I would ask for the pet care manager. I worked there for a year and we would switch display bettas if someone wanted the one on display. Even if he was taken out of inventory, they could just put another halfmoon on display since they are all the same UPC number. Good luck!


----------



## wystearya (Sep 27, 2010)

Well, it isn't like the fish itself is bar-coded. lol! Just select a lid with the right tail type on it and you should be good to go. 

It's too bad they are right by the register. My Petsmart has them at the end of an isle, away from the registers.

Still, I would go back and ask to see the manager right away. Don't even try asking if he is for sale from anyone else. If the fish is gone, still ask to talk to the manager. Tell him what happened and that your not happy about it.

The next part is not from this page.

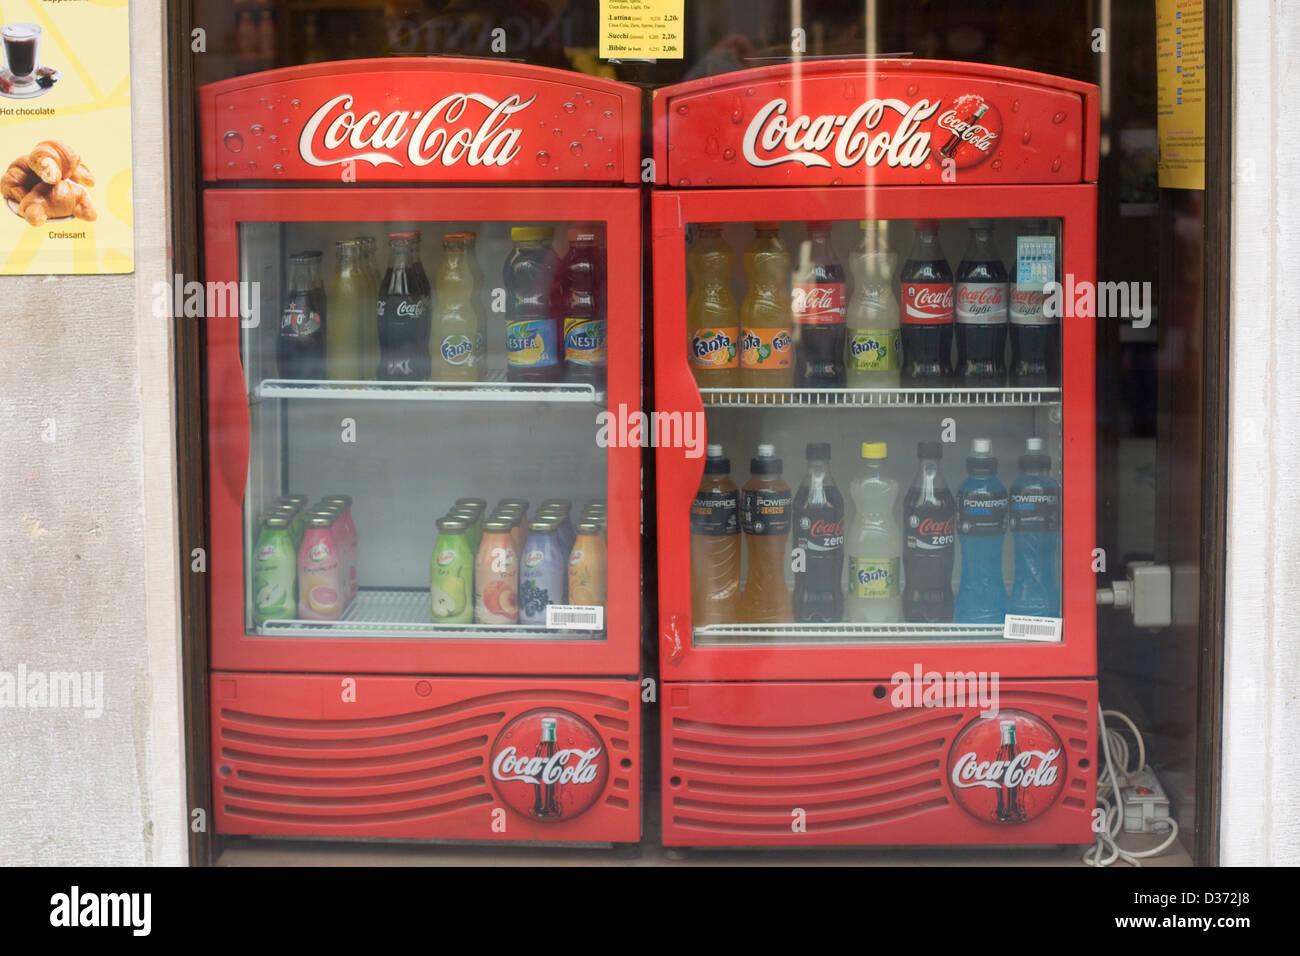 Kühlschrank Coco Cola : Coco cola kühlschrank mit flasche alkoholfreie getränke zum

It is a PET store and if they don't want to sell the pets there then they should not be on display.


----------



## sparkyjoe (Feb 27, 2012)

I'm in agreement with those who say talk to someone with real authority, not just someone on a power trip or, more likely, doesn't want to be bothered with trying to catch you the fish. 

I'm well on my way to being "full" but I can't stop thinking about a boy that I saw at Petco for the last couple of weeks. He just keeps getting slower. Poor guy.


----------



## mkendle87 (Feb 9, 2012)

The same exact thing happend to me but it was a blue and mustard half moon plakat. It was amazing and they only had him in a .5 gallon box. I asked the guy if he would sell him to me and he said no that he was the stores mascot. He still wouldn't sell him after I told him I had a planted 5 gallon cycled and ready for him. If the fish was really that important to the store, then why would they keep him in a half gallon box? Needless to say I don't shop at pet smart anymore and have had no luck finding a plakat since then. By the way the guy didn't even know what a plakat was.


----------



## dramaqueen (Jul 7, 2008)

My Petsmart has a Betta on display that isn't for sale. I think he actually belongs to one of the employees.


----------